Using services in AngularJS to share state

This post walks through using an AngularJS service to share state

In AngularJS services can be used to share state across multiple views and controllers. This can be useful for several reasons. It can allow the application to go between views without having to wait on web requests to go get the data again from the server. Another useful benefit is to allow 2 controllers to share the same data. For example if you add an item in an editing controller you may want to see that change reflected in a summary chart at the same time.

As an example imagine an application that allows a user to design a donut with the toppings and dough flavor they select. To maintain the state of the user’s selections an AngularJS service will be used. To identify which donut the user is creating a donutId will be stored in the $state AngularJS service. The application also has a service that provides access the web API for the donut application.

The first thing to do is create the service and inject the dependencies:

(function (DonutApplication) {
    'use strict';
    DonutApplication.Services.factory('donutStateService', ['$state', '$q', 'donutApiService',
        function ($state, $q, donutApiService) {
            
         }]);
})(DonutApplication);

The service is named “donutStateService” and has dependencies on the $state and $q AngularJS services and the donutApiService.

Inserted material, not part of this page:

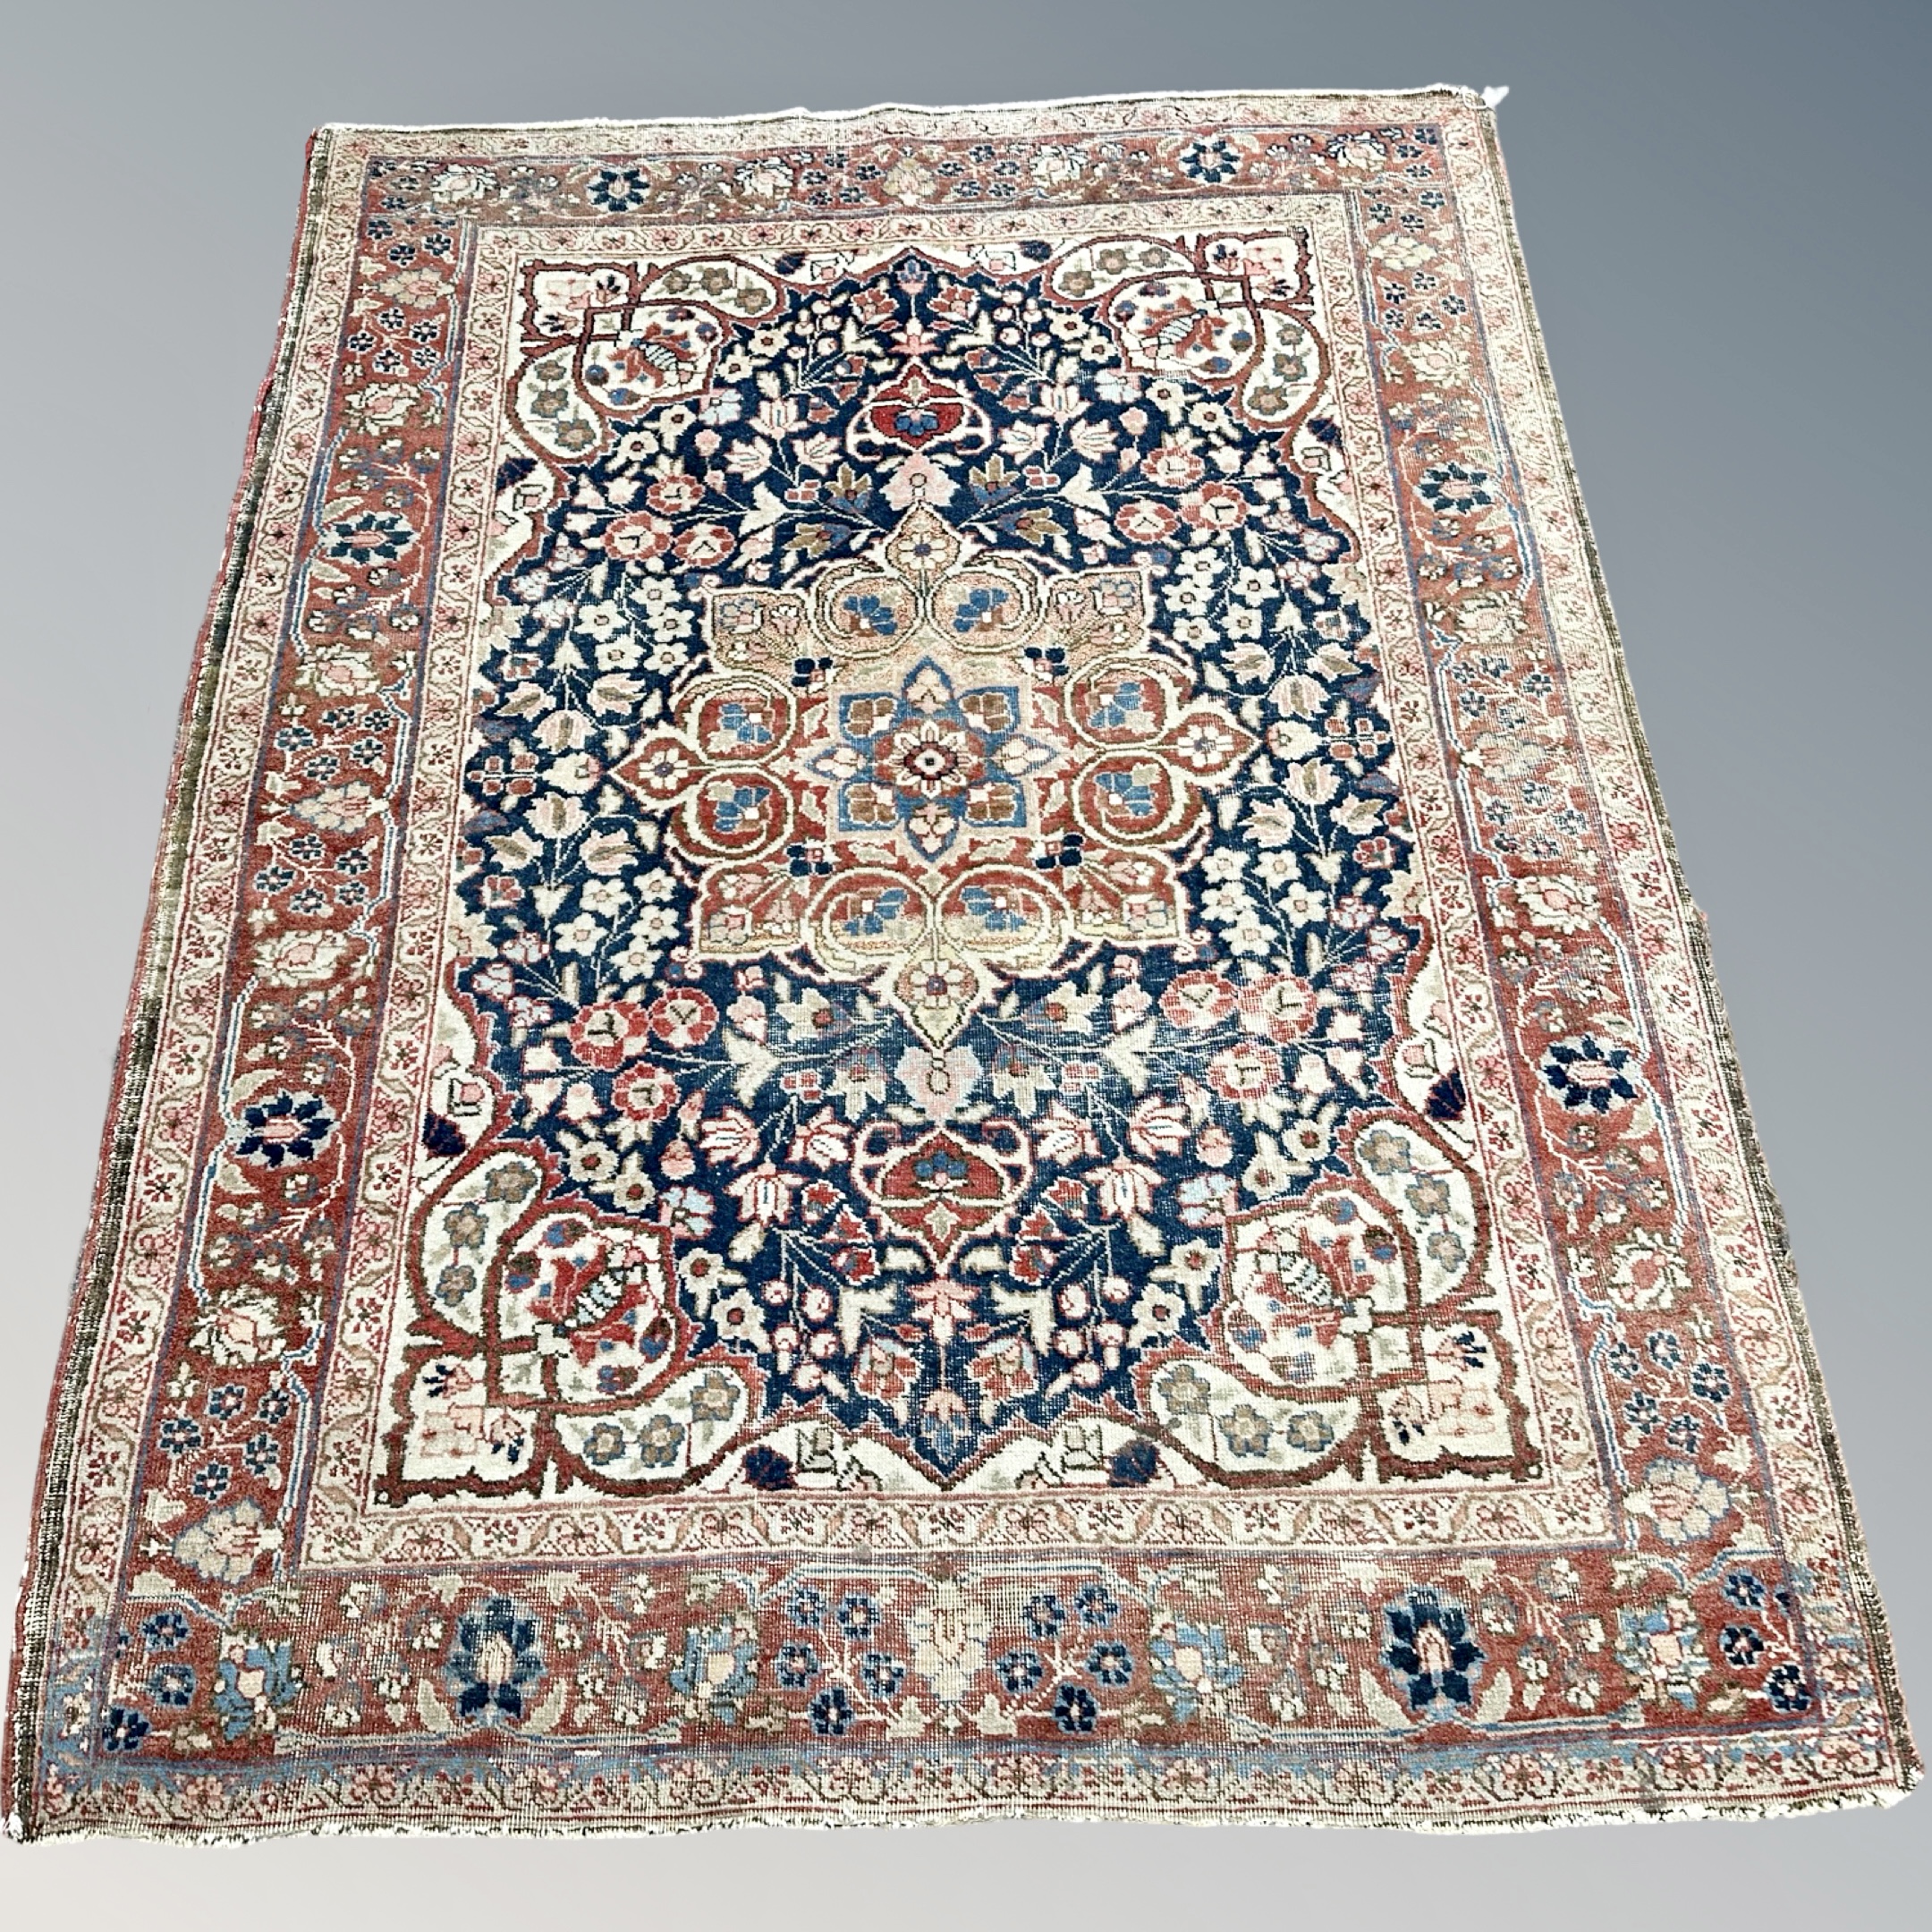 An antique Bakhtiari rug, West Iran, circa 1920, 188cm by 138cm.

The first thing to do in the service is define the model that will contain the state:

var vm = {
    toppings: [],
    dough: null
};

It is important to always return this model from the service and not the individual contents of it. The reason is that an object must be shared in order for changes to be reflected. If a variable is shared then the controller will only get a copy of the value rather than a reference to it.

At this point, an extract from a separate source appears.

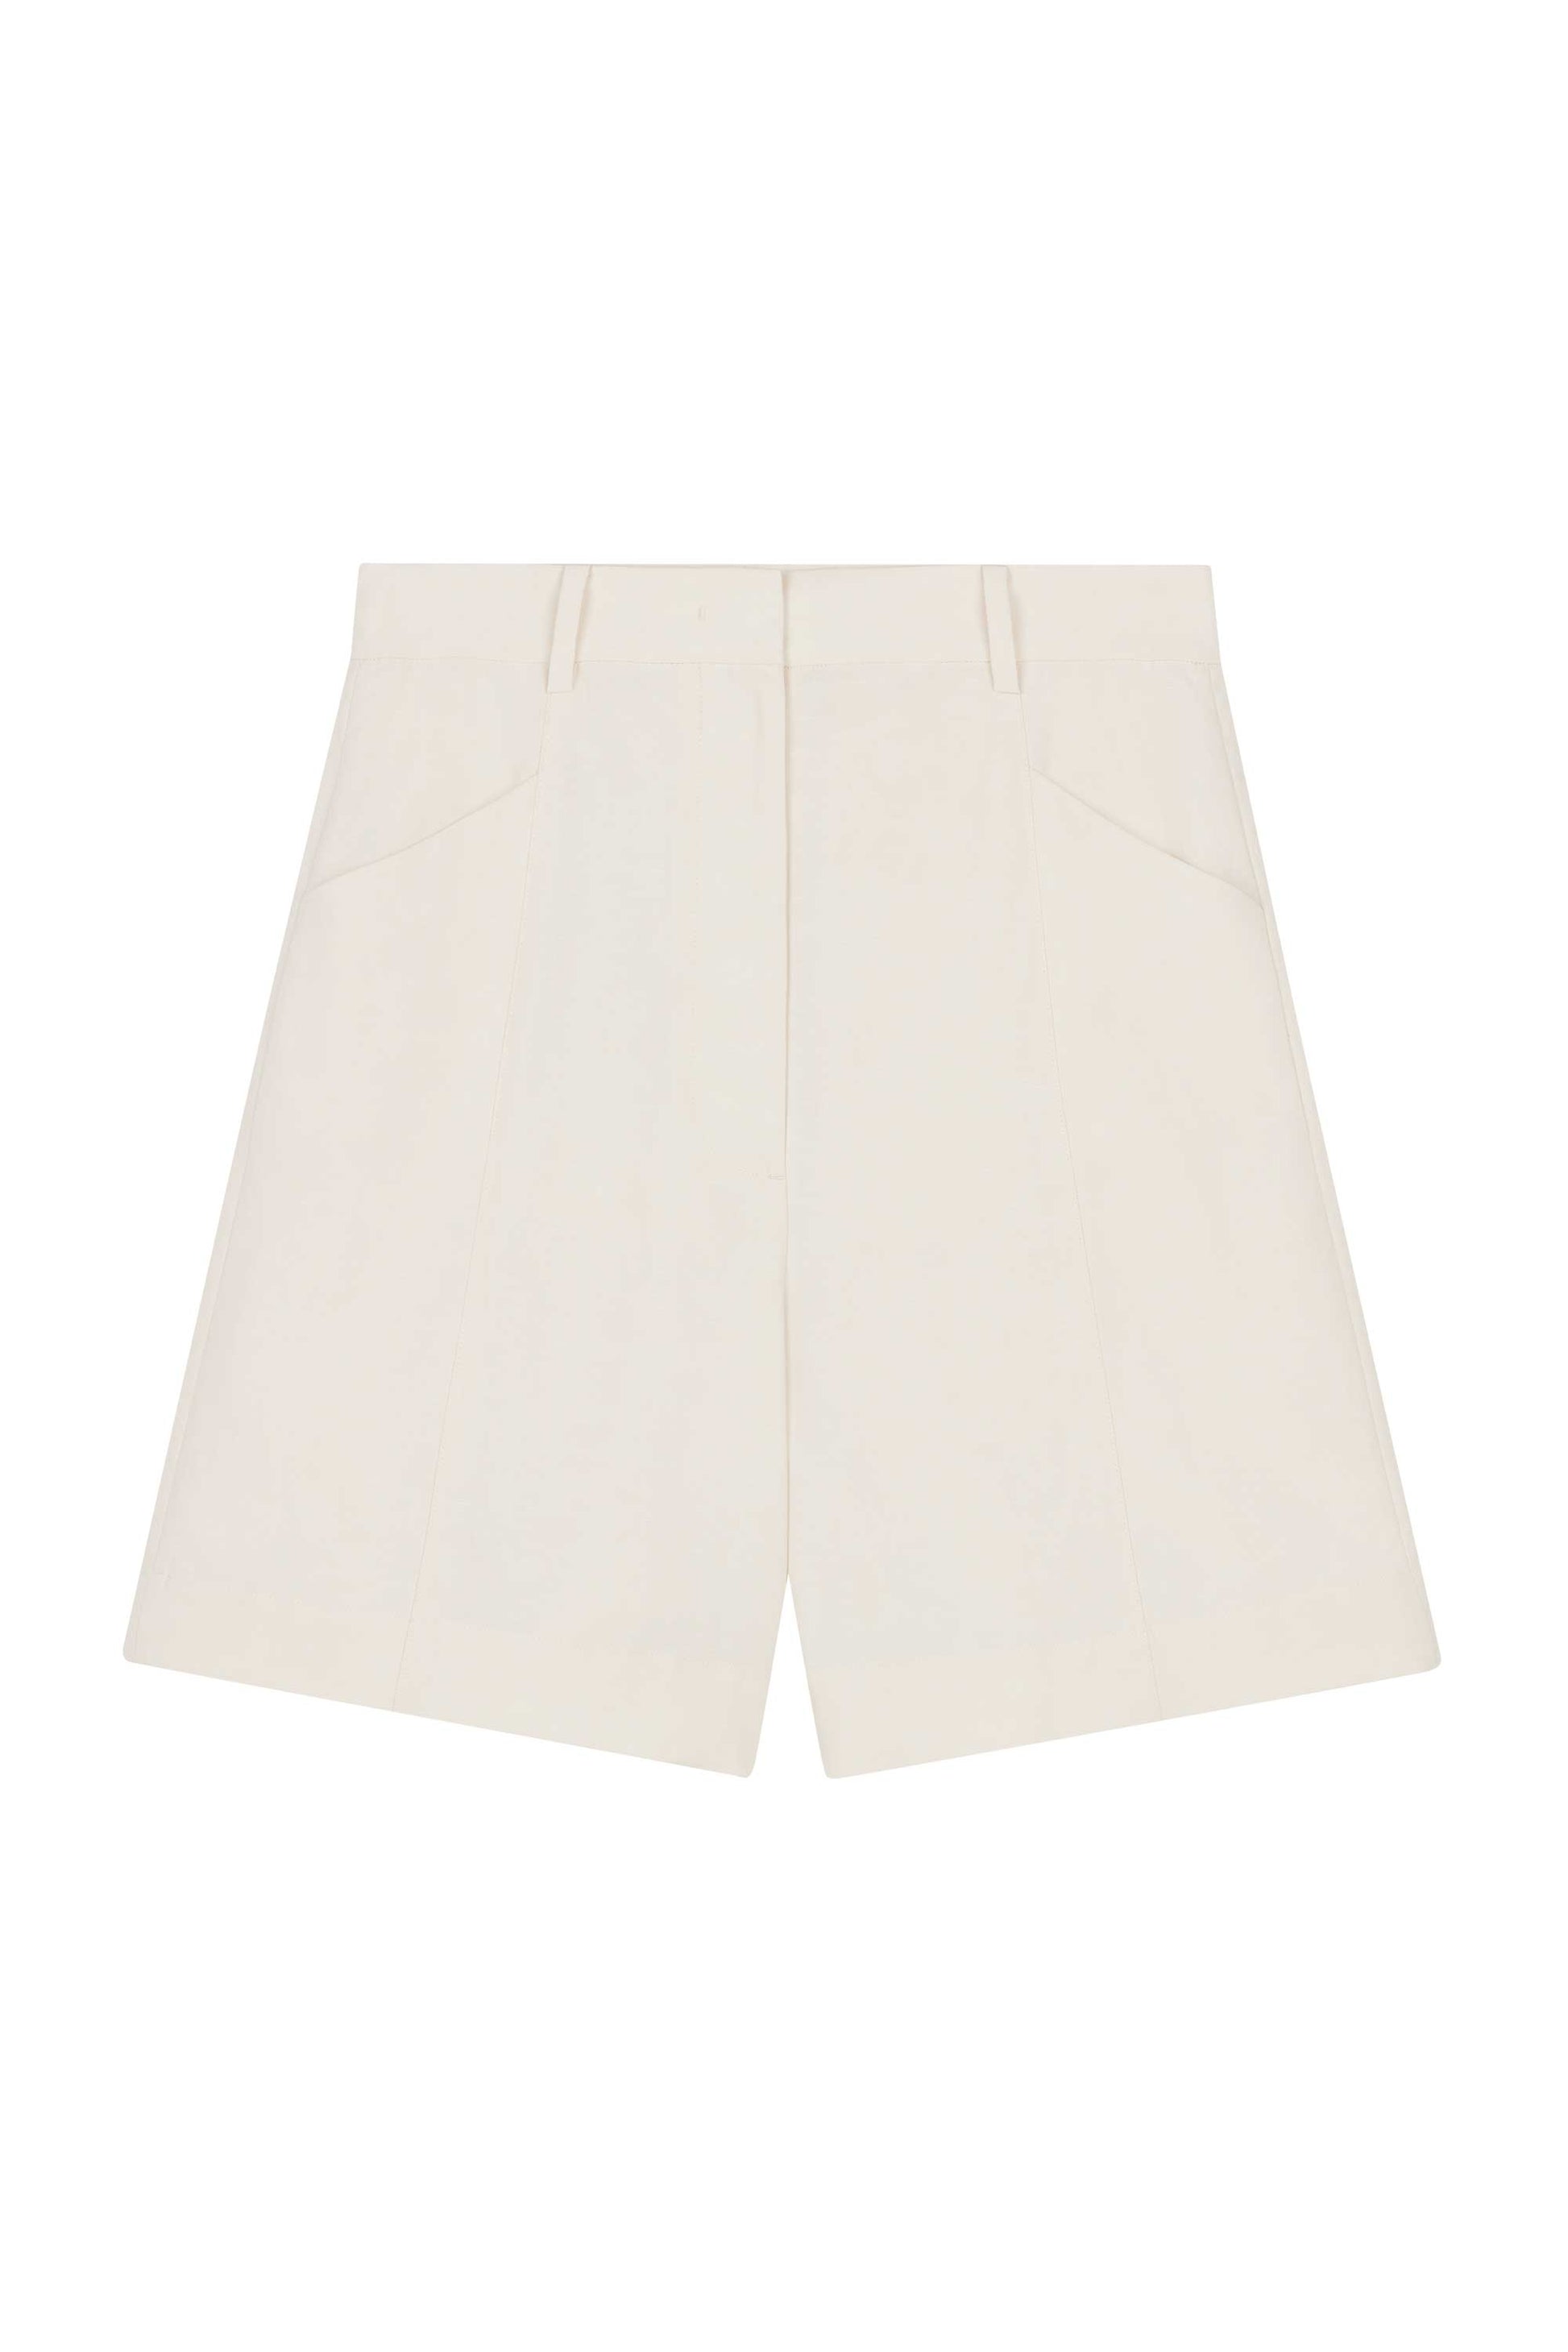 flat lay of white shorts

The next step is to create variables to represent the API resources needed and the current donutId loaded into the service’s model:

var toppingsResource = donutApiService.toppingsResource();
var doughResource = donutApiService.doughResource();

var curDonutId = 0;

Add methods to populate the model from the API:

function getToppings() {
    var defer = $q.defer();
    toppingsResource.query({ donutId: curDonutId }, {}, 
        function (data) {
            vm.toppings = data;
            defer.resolve(data);
        });
    return defer.promise;
}

function getDough() {
    var defer = $q.defer();
    doughResource.query({ donutId: curDonutId }, {}, 
        function (data){
            vm.dough = data;
            defer.resolve(data);
        });
    return defer.promise;
}

Create a method to check the $state’s donutId against the donutId loaded into the service’s model. If they do not match then the Id should be updated and the model should be refreshed from the API. The items in the model are initialized individually because resetting the vm would cause any consumers’ references to be broken.

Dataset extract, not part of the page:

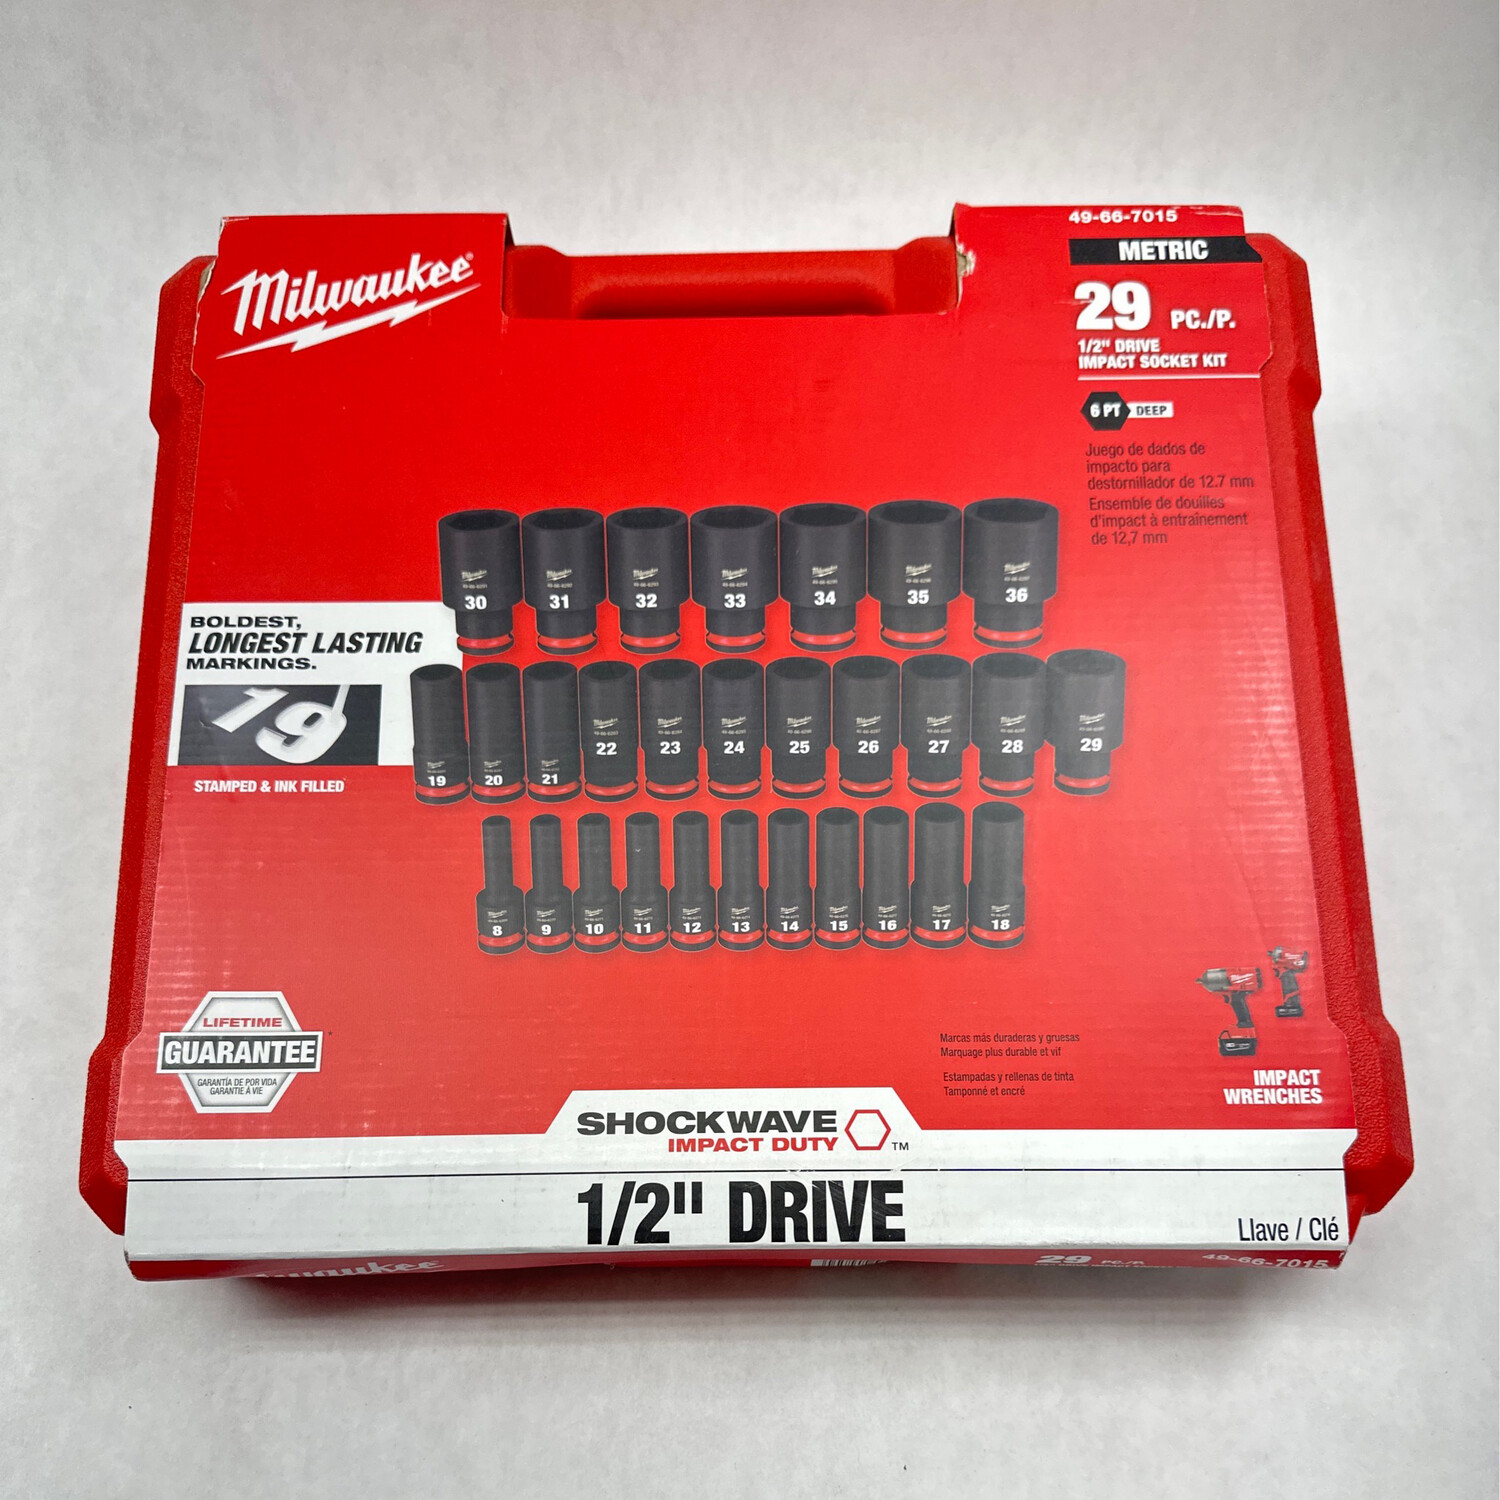 Milwaukee 29pc 1/2” Drive Metric Deep 6 Point Impact Socket Kit, 49-66-7015

function resetIfDonutChanged() {
    var defer = $q.defer();
    if (curDonutId !== $state.params["donutId"]) {
        curDonutId = $state.params["donutId"];
        vm.toppings = [];
        vm.dough = null;
        
        $q.all(
            getToppings(),
            getDough()
        )
        .then(function () {
           defer.resolve(); 
        });
    } else {
        defer.resolve();
    }
    return defer.promise;
}

The caller of the donutStateService should get a promise back to allow the state service to update the model from the API if necessary. In order to simplify this a helper function is useful:

function returnPromisedValues(values) {
    var defer = $q.defer();
    resetIfDonutChanged().then(function () {
        defer.resolve(values);
    });
    return defer.promise;
}

Finally create the return object of the donutStateService and return the model wrapped in a promise:

return {
    getDonutInfo: function () {
        return returnPromisedValues(vm);
    }
};

To use the donutStateService in a controller you could set a variable on the scope to the object returned by the getDonutInfo method:

$scope.vm.donutDetails = donutStateService.getDonutInfo();

By accessing the state service in this way across multiple controllers changes made in one controller will be reflected in the other. This is a simple, but useful pattern to speed up and simplify an AngularJS application that needs to share state across multiple views.